Highly-strung madmen from Pymble

Highly-strung madmen from Pymble

Life Cycle bannerYou don’t need a telescope to see Pyrmont’s Ava Hubble (letters) is quite right to note that cyclists should show as much regard for pedestrians as they hope for from motorists. There is an hierarchy on our public thoroughfares ranging from the heftiest juggernauts – trucks lugging containers – to the most vulnerable – venerable grannies on walking frames.

Although horror stories of road rage are told wherever highly strung madmen from Pymble assemble, the overwhelming majority of road users are more likely to bend over backwards in paroxysms of politeness than jeopardise the safety of others. Every cyclist every day depends upon ‘the kindness of strangers’, albeit less salaciously than our Cate’s recent Blanche DuBois.

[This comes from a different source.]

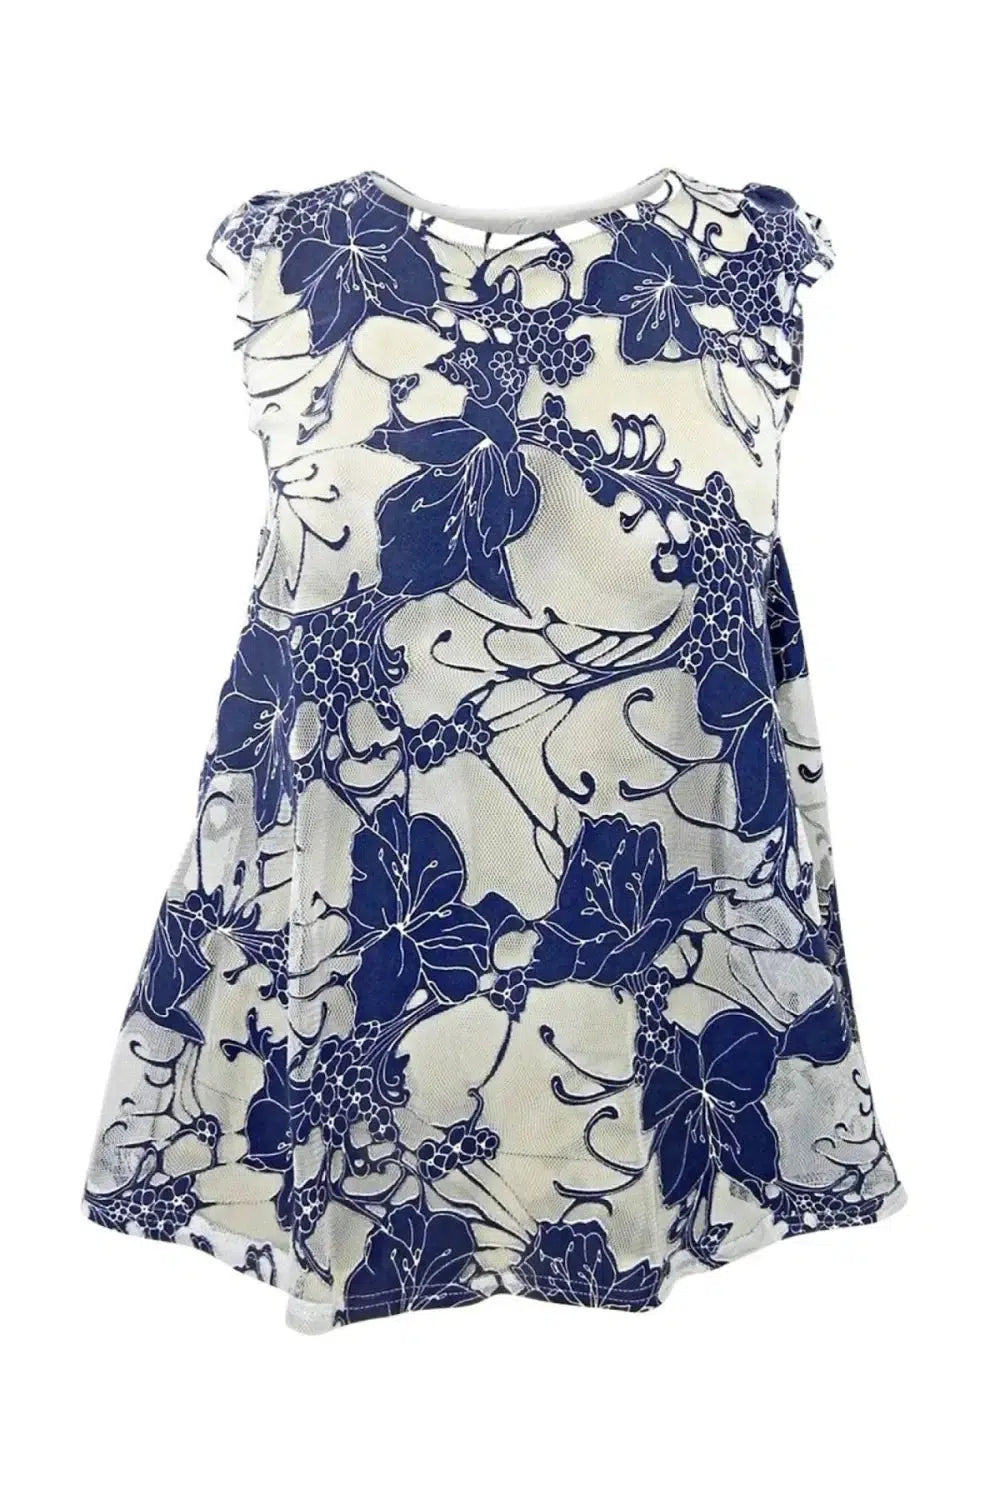 Dorothy Perkins Floral Lace Sleeveless Swing Top

To many motorists riding a bicycle seems an act of death-seeking folly. That is because they tend to notice the lycra-clad kamikazes only after near misses. We do recall near-Death experiences more vividly than the hundreds of hohum safe passages of everyday traffic.

And so we mouth off at dinner parties after the third large glass of red about what must be done to keep everyone safe and separate no matter what the cost because how can you place a value on a human life? [Actually routinely done by insurance actuaries following mundane formulae totting up to less than you would have thought.]

Riding a bike is a transport of delight. Delight in getting somewhere under your own steam. One pay-off for picking a perilous position in the pecking order of the pavement is the prerogative of problem-solving on the fly. Is a light shining unseen in the empty midnight streets red or green?

The more I ride around our city the less doctrinaire I become. The three metre wide footpaths of Broadway, empty of pedestrians after business hours, may be a sensible pedalling alternative to the traffic snarled lanes of the road.

Drive considerately. Ride responsibly. Pedestrians, remember you live in a real world that may be benignly oblivious that it revolves around you. Enjoy your journey.